Von ihrem eigenen, arbeitgebernah agierenden Betriebsrat bekommen die
Beschäftigten keine Unterstützung. Der Arbeitnehmervertretung sei die
Forderung nach einem Tarifvertrag schlicht nicht bekannt: „Auf uns ist
keiner der Kollegen zugekommen“, erklärte etwa die stellvertretende
Betriebsratschefin Nadine Krischer – wiederum im Lokalteil der WAZ.

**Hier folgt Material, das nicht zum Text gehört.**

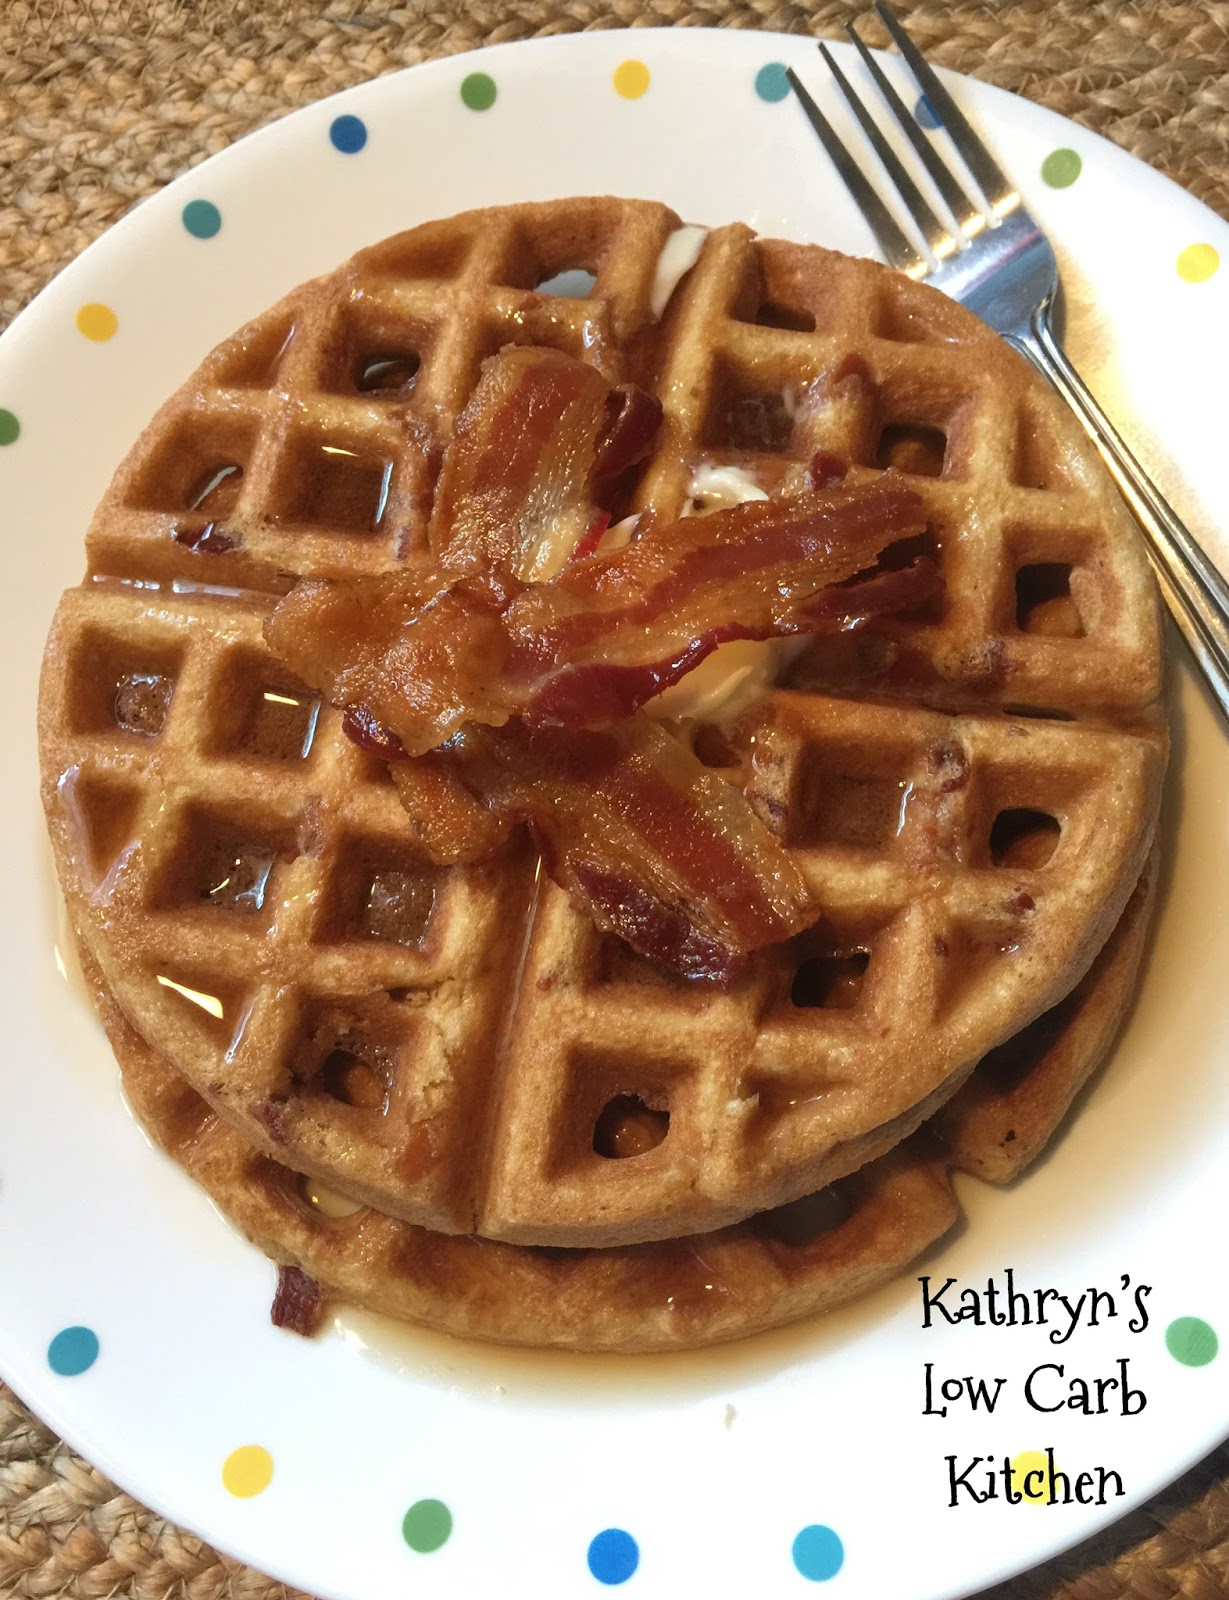 Kathryn's Low Carb Kitchen: Maple Bacon Waffles

## Betriebsräte im Konzern schockiert über Verdi
Karl-Heinz Wich-Kühnlein, der Konzernbetriebsratsvorsitzende, sagte, die
Gewerkschaft Verdi habe keine Ahnung von der Hafen AG, an der indirekt über
50.000 Jobs hingen. Gegenüber der taz wollte er sich inhaltlich nicht
äußern: „Ich werde diese Farce nicht weiter befeuern“, so Wich-Kühnlein in
einem kurzen Telefonat. Die Betriebsräte seien „sehr schockiert über das
Verhalten dieser Gewerkschaft“.
Auch die Landesregierung will sich nicht einmischen. Zwar habe man
grundsätzlich „natürlich ein Interesse daran, dass die Mitarbeiterinnen und
Mitarbeiter gut bezahlt werden“, heißt es etwa aus dem Verkehrsministerium
von NRW unter Oliver Krischer (Grüne). Dessen Staatssekretär Viktor Haase
ist Vorsitzender des Aufsichtsratspräsidiums der Hafen AG. Allerdings sei
„die Einführung von Tarifverträgen Sache der beteiligten Tarifparteien vor
Ort“. Der aus Duisburg stammende [4][Bundesvorsitzende der Grünen, Felix
Banaszak,] will sich ebenfalls nicht zu dem Thema äußern.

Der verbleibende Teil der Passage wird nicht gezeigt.